Frederick Duncan Michael Haldane (born 14 September 1951) is a British physicist who is currently the Sherman Fairchild University Professor of Physics at Princeton University. He is a co-recipient of the 2016 Nobel Prize in Physics, along with David J. Thouless and J. Michael Kosterlitz.

==Education==
Haldane was educated at St Paul's School, London and Christ's College, Cambridge, where he was awarded a Bachelor of Arts degree followed by a PhD in 1978 for research supervised by Philip Warren Anderson.

==Career and research==
Haldane worked as a physicist at Institut Laue–Langevin in France between 1977 and 1981. In August 1981, Haldane became an assistant professor of physics at the University of Southern California, where he remained until 1987. Haldane was then appointed as an associate professor of physics in 1981 and later a professor of physics in 1986. In July 1986, Haldane joined the department of physics at University of California, San Diego as a professor of physics, where he remained until February 1992. In 1990, Haldane was appointed as a professor of physics in the department of physics at Princeton University, where he remains to this day. In 1999, Haldane was named as the Eugene Higgins Professor of Physics. In 2017, he was named the Sherman Fairchild University Professor of Physics. From 2013 to 2018, Haldane also held a Distinguished Visiting Research Chair at Perimeter Institute for Theoretical Physics.

Haldane is known for a wide variety of fundamental contributions to condensed matter physics including the theory of Luttinger liquids, the theory of one-dimensional spin chains, the theory of fractional quantum hall effect, exclusion statistics, entanglement spectra, and much more.

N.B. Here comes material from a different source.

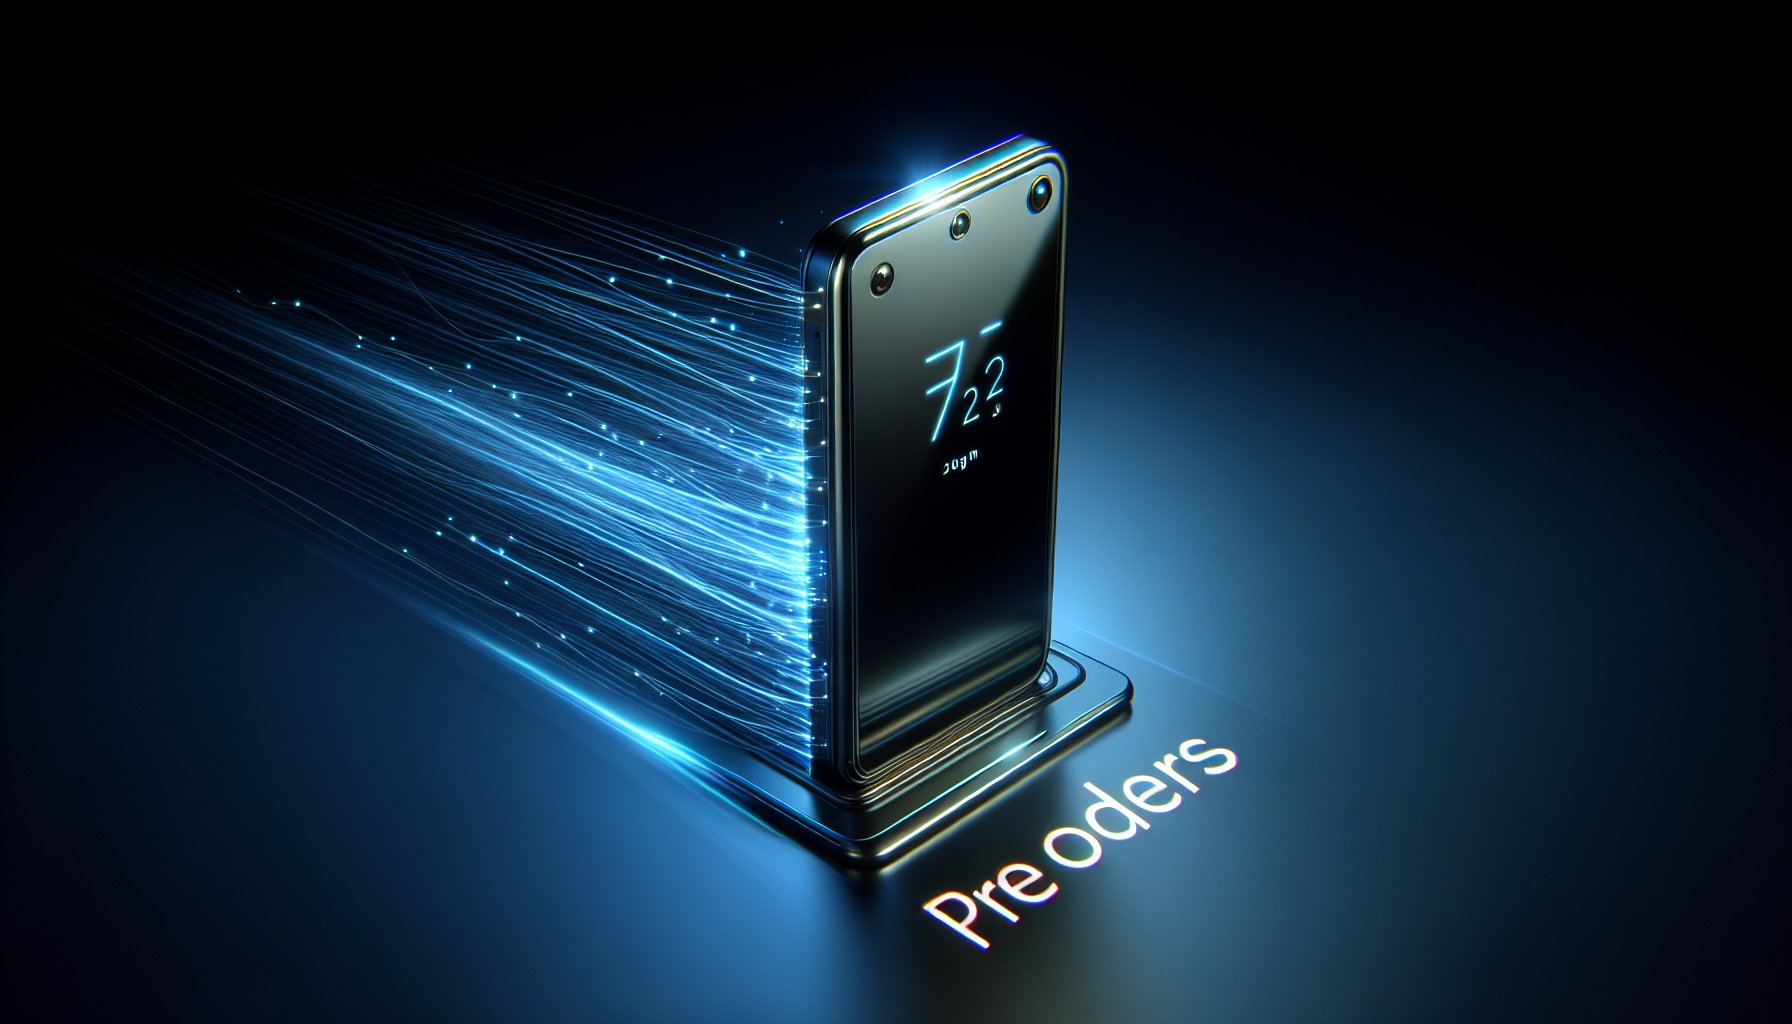 Today is the last day to preorder Samsung's Galaxy S23 phones and

As of 2011, he was developing a new geometric description of the fractional quantum Hall effect that introduces the "shape" of the "composite boson", described by a "unimodular" (determinant 1) spatial metric-tensor field as the fundamental collective degree of freedom of fractional quantum Hall effect (FQHE) states. This new "Chern-Simons + quantum geometry" description is a replacement for the "Chern-Simons + Ginzburg-Landau" paradigm introduced around 1990. Unlike its predecessor, it provides a description of the FQHE collective mode that agrees with the Girvin-Macdonald-Platzman "single-mode approximation".

==Awards and honours==
Haldane was elected a Fellow of the Royal Society (FRS) in 1996 and a Fellow of the American Academy of Arts and Sciences (Boston) in 1992; a Fellow of the American Physical Society (1986) and a Fellow of the Institute of Physics (1996) (UK); a Fellow of the American Association for the Advancement of Science (2001). Haldane was elected as a member of the U.S. National Academy of Sciences in 2017. He was awarded the Oliver E. Buckley Prize of the American Physical Society (1993); Alfred P. Sloan Foundation Research Fellow (1984–88); Lorentz Chair (2008), Dirac Medal (2012); Doctor Honoris Causae of the University of Ljubljana, Slovenia; Université de Cergy-Pontoise (2015); Lise Meitner Distinguished Lecturer (2017); Golden Plate Award of the American Academy of Achievement (2017).

With David J. Thouless and J. Michael Kosterlitz, Haldane shared the 2016 Nobel Prize in Physics "for theoretical discoveries of topological phase transitions and topological phases of matter".

==Personal life==
Haldane is a British and Slovenian citizen and United States permanent resident. Haldane and his wife, Odile Belmont, live in Princeton, New Jersey.
His father was a doctor in the British Army stationed on the Yugoslavia/Austria border, and there he met young medicine student Ljudmila Renko, a Slovene, and subsequently married her and moved back to England where Duncan was born.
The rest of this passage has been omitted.